A Central Victorian contractor and ALLU buckets are giving nature a helping hand to create healthier soils.
A Central Victorian contractor and ALLU buckets are giving nature a helping hand to create healthier soils.
To the right is a ramshackle pile of, well let’s be blunt, manure. Straight from the farm, it’s mixed with straw, dirt, and all manner of contaminants. And a little unpleasant on the nose.
Just a few meters away is a mound of compost. A dark earthy brown in color, it’s rich and moist to the touch and smells natural. It’s difficult to believe that both piles looked the same just weeks ago. Even a seasoned farmer such as Gino is impressed by the result.
“It looks a picture,” Gino says. “The quality of the product is amazing once you send it through that bucket.”
That bucket is an ALLU Transformer DN 2-12 Screening Bucket which, for the past two years, has lived up to its name and transformed Gino’s compost. Through his Natural Compost Co. in central Victoria, Gino is cultivating a move away from synthetic farming and giving nature’s processes a helping hand, working with farmers to convert manure to compost on-site.
Working on-farm means there are contaminants in the compost piles—stones, string, and steel are the usual culprits.
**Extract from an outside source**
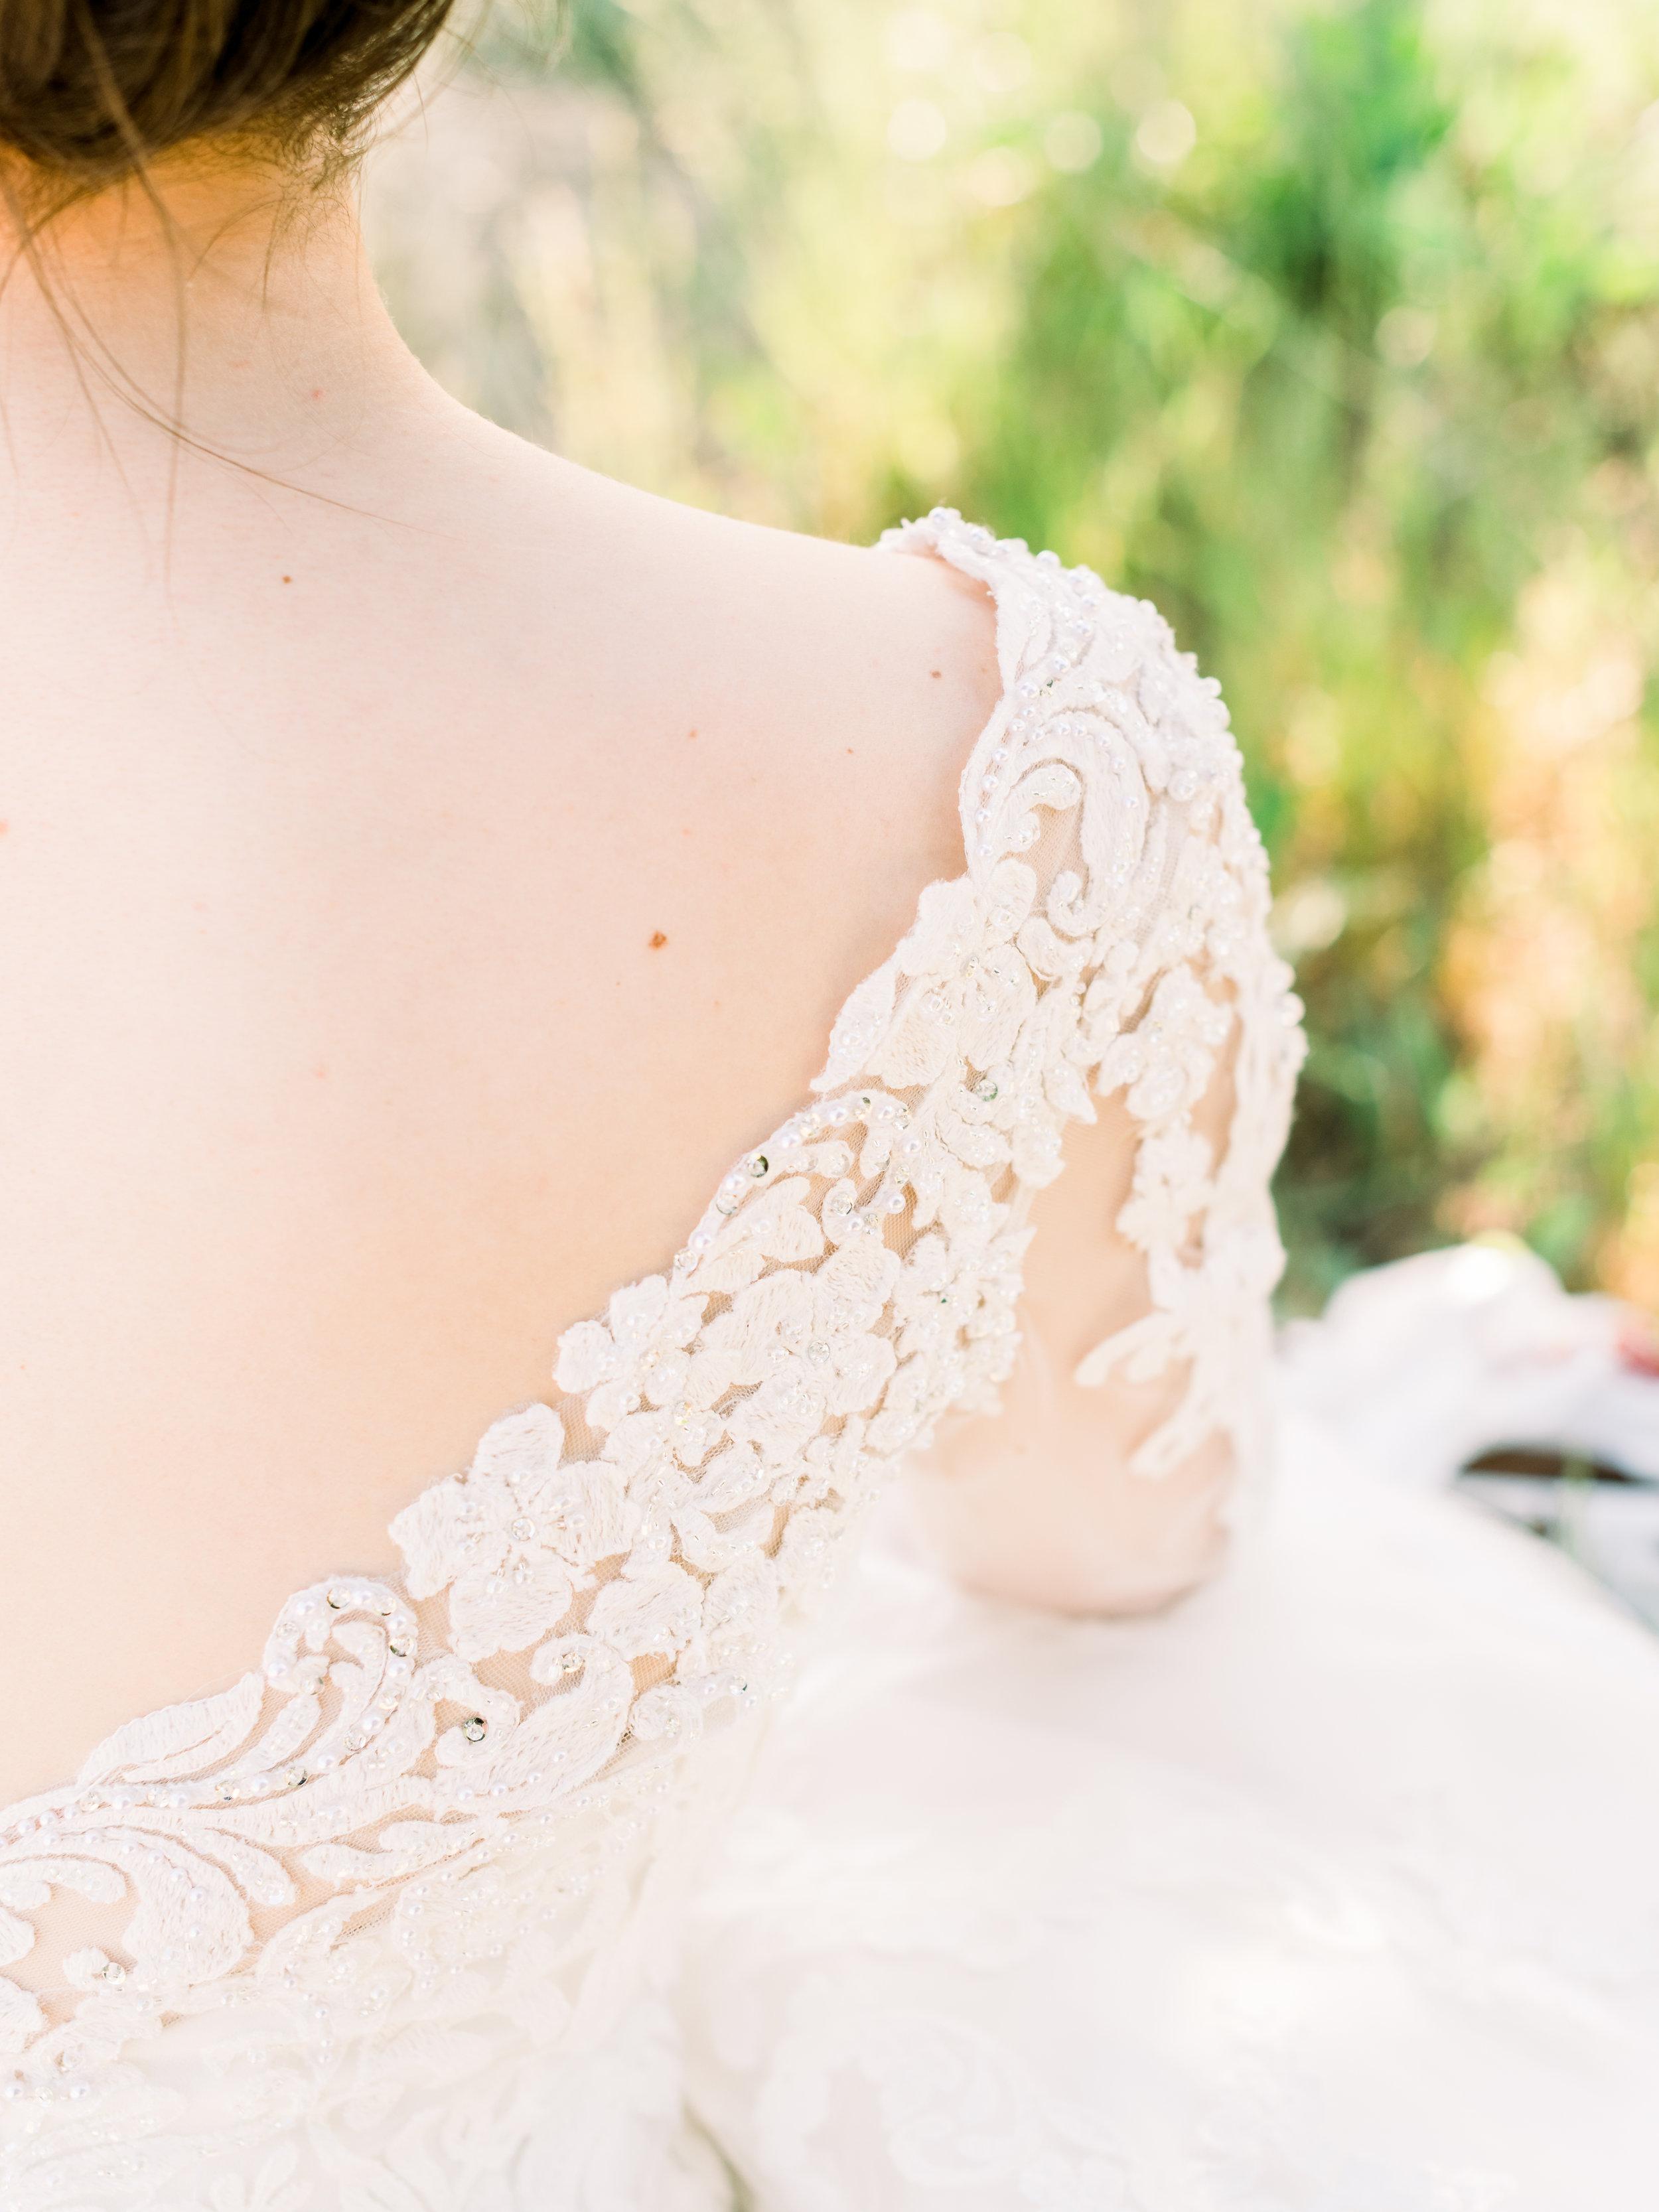 beauty-portrait-of-the-bride.jpg

Early attempts to run the piles through a hired trommel proved expensive and often difficult to organize.
Gino even bought a shaker bucket—“a big bucket with holes in it”—but it wasn’t up to the job. (He’s since put a metal plate in the bottom of it and is using it as a digger.)
A bit of research led him to ALLU buckets and, as the saying goes, the rest is history.
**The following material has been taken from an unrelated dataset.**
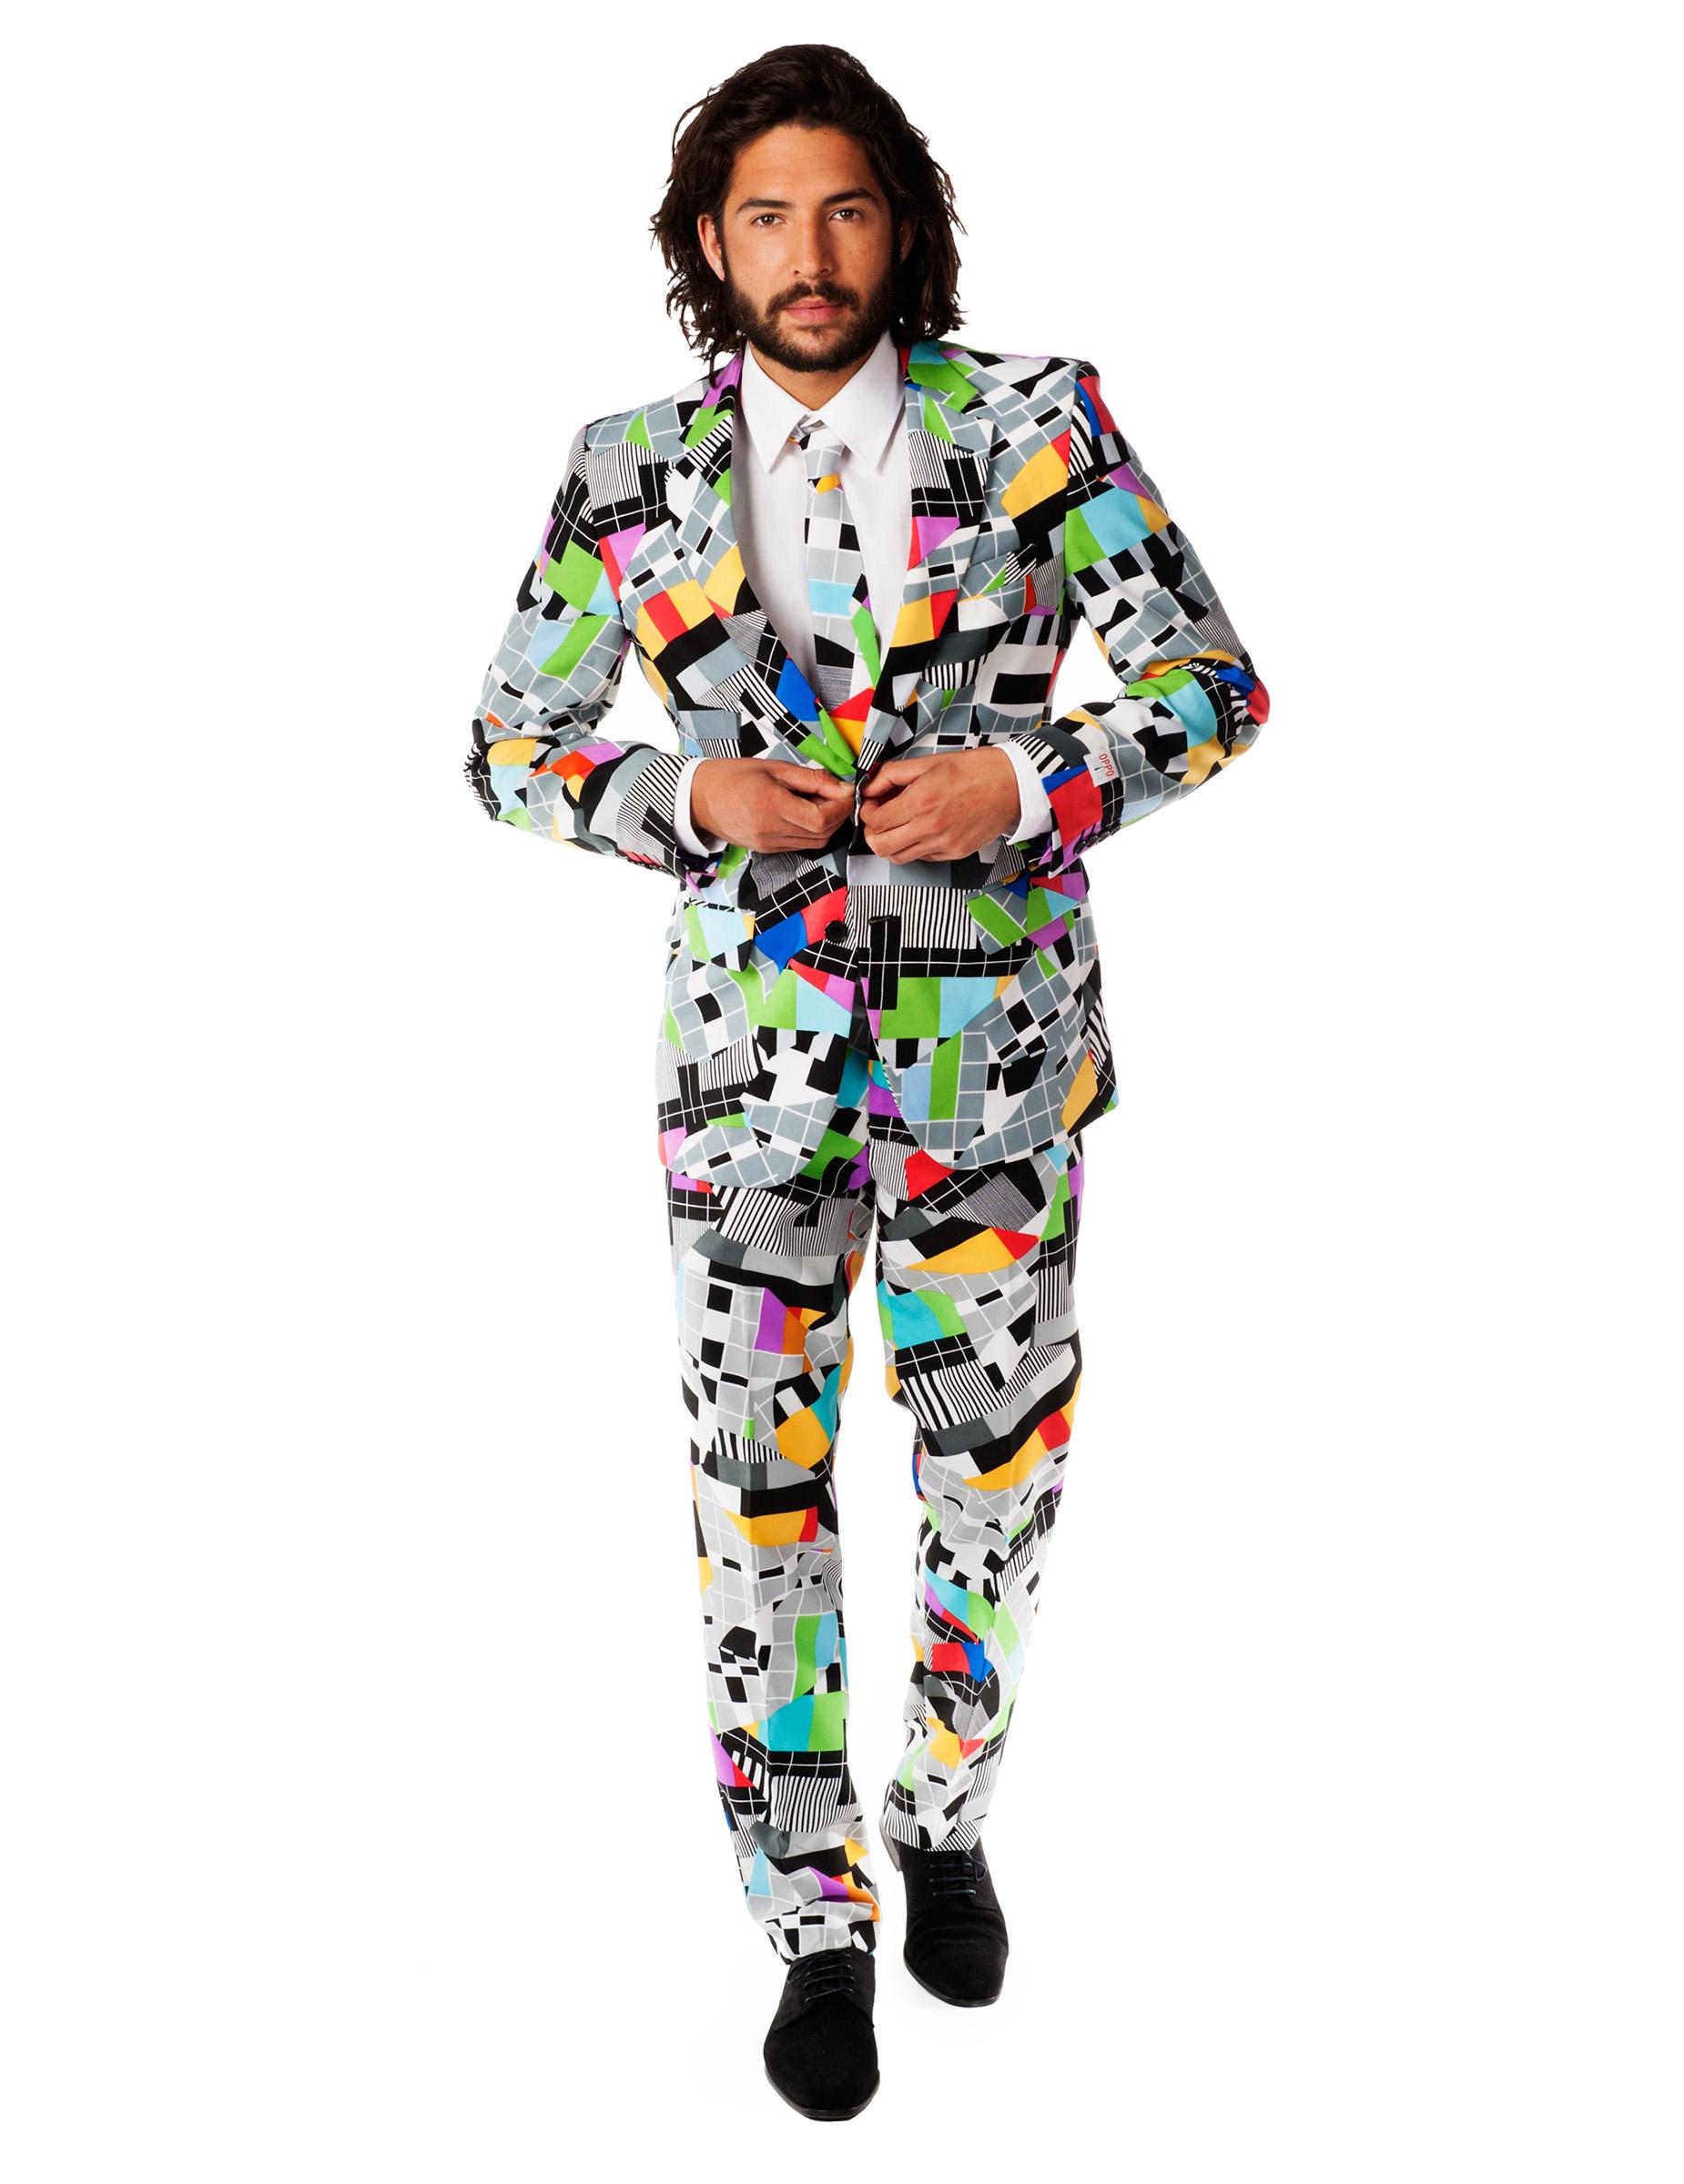 Brandneu doppelter gutschein echte Schuhe Testival - Opposuits-Anzug bunt

“Sami Rahman, Area Sales Manager for ALLU, called me the next day to talk about the problems I was having and what he thought could do the job,” Gino says. “He got the measurements of what machine I was using, organized a trial on-site, and soon after had two buckets on a trailer to Newbridge.”
Gino spent that afternoon “playing” with the recommended buckets. He says he was so impressed; Sami and Carlo Costanzo, a service technician with Walkers Hammers who commissioned the demonstration buckets, went home that day with just one bucket—Gino was going to rent the other.
The next day, he ordered a new bucket with TS 16 Axe blades, enabling a homogenous end product.
“The compost fell out of the bottom of the machine like rain,” Gino says. “It looks like a picture, all nicely processed and sifted. Any contamination and oversize items – we’ve got it set to 40 mm – are left sitting in the bucket.”
“It’s magnificent.”
The ALLU Transformer D-Series bucket is compatible with excavators, loaders, and other earth-moving machinery. It’s designed to screen and separate various materials including soil, sand, gravel, compost, and demolition waste on-site, reducing the need for extra equipment and transport costs while minimizing environmental impact.
Carlo provided support with the installation of the new bucket and operator training, a service Walkers Hammers offers to all Victorian businesses that purchase ALLU products.
Gino uses the bucket on two excavators. To make switching the bucket between the machines easy, ALLU built a head bracket to cater for the two different pin sizes and spaces. He says it makes what is already a productive machine even more so.
Last year, Gino was contracted to process about 5,000 tonnes of compost for farmers. He’s currently working with a wastewater facility to convert sludge removed from a dam several years ago into compost that can be used on-site. He says since buying the Transformer bucket in 2021, his clients are also noticing the difference in the quality of compost produced.
He cites a local farmer who in 2022 had three rows of compost on his farm, one of which was processed through the ALLU bucket. When Gino returned recently to consolidate the rows, the farmer singled out the ALLU-processed row.
“The other two rows, they were good,” Gino says. “But that row that was sifted was like sand. From a quality perspective, running it through that bucket made a difference. Nature will get it there, but the bucket helps me get it there quicker.”